# Flying Squirrels



## geee (Aug 12, 2012)

What varieties of pet flying squirrels are usually available in the UK? I know that Southern Flying Squirrels are. Which would be recommended to a squirrel beginning?

How big does their cage/aviary need to be? I've heard 1.5 x 1.5 x 2 ft minimum, is that right? Seems a bit small even for a minimum! Does their cage need to be mostly metal, would they chew at wood?

And what are their breeding habits like?

*- Grace*


----------



## Nell (May 3, 2011)

geee said:


> What varieties of pet flying squirrels are usually available in the UK? I know that Southern Flying Squirrels are. Which would be recommended to a squirrel beginning?
> 
> How big does their cage/aviary need to be? I've heard 1.5 x 1.5 x 2 ft minimum, is that right? Seems a bit small even for a minimum! Does their cage need to be mostly metal, would they chew at wood?
> 
> ...


I am unsure as to the majority of your questions as my knowledge of flying squirrels is limited. However as somebody who keeps sugar gliders (another "flying" mammal) I can tell you that the cage dimensions are indeed far too small. With gliders the absolute minimum is 4 foot high x 2 foot x foot, provided you are taking them out for playtime every day.

I do not know whether "playtime" with flying squirrels is feasible -you'll have to wait for someone with more knowledge on the subject to answer that. However my (limited) understanding is that they are more of a display pet, and would therefore need a much larger enclosure i.e. a small aviary.

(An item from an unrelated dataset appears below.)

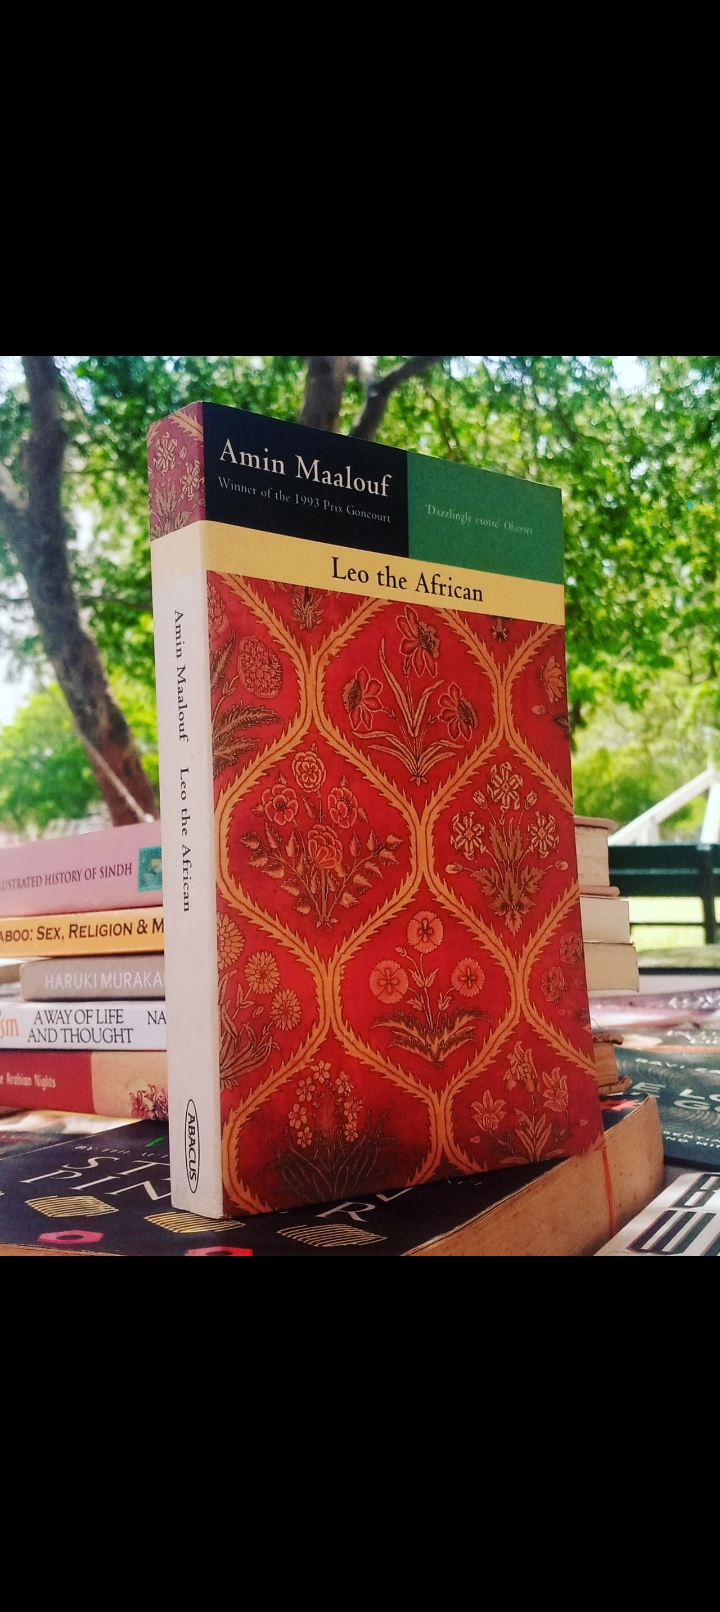 leo the african by amin maalouf. original paperback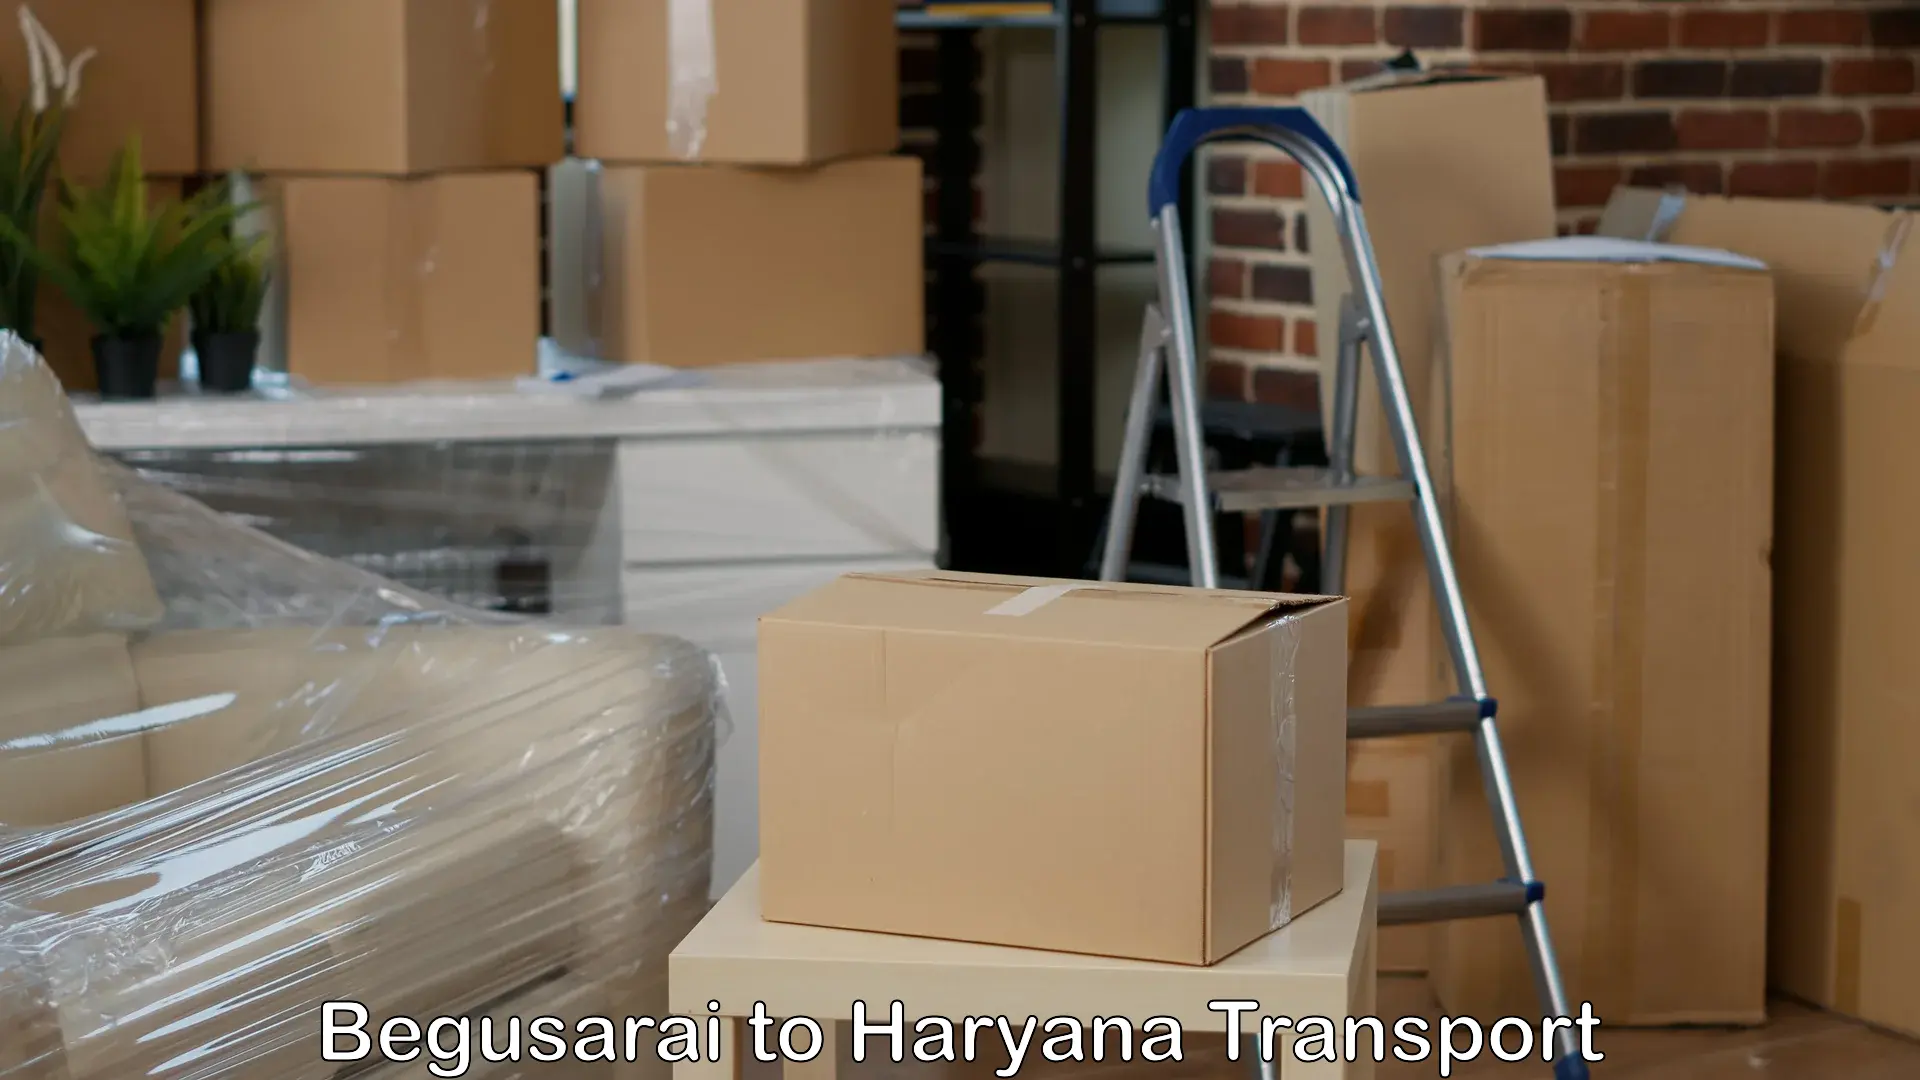 Truck transport companies in India in Begusarai to Sirsa

Hope that's of some help : victory:


----------



## PresqueVu (Jul 27, 2008)

I'm quite new to keeping them, but can answer some of it 

Southern Flying are the most common, you can also get Northern flying which are a bit bigger. I think there are others, but these are larger ones that require an outdoor aviary - I can't remember what they are offhand.

The size you've quoted is too small - Nell has given you good guidelines on that already.

My guy comes out for a play most nights, I've had him since 9 weeks so he tamed down quite nicely especially since his breeder handled him as soon as possible. He becomes quite active from about 9pm, sometimes chirping at me if I forget to let him out - then will roam about freely the lounge and hallway.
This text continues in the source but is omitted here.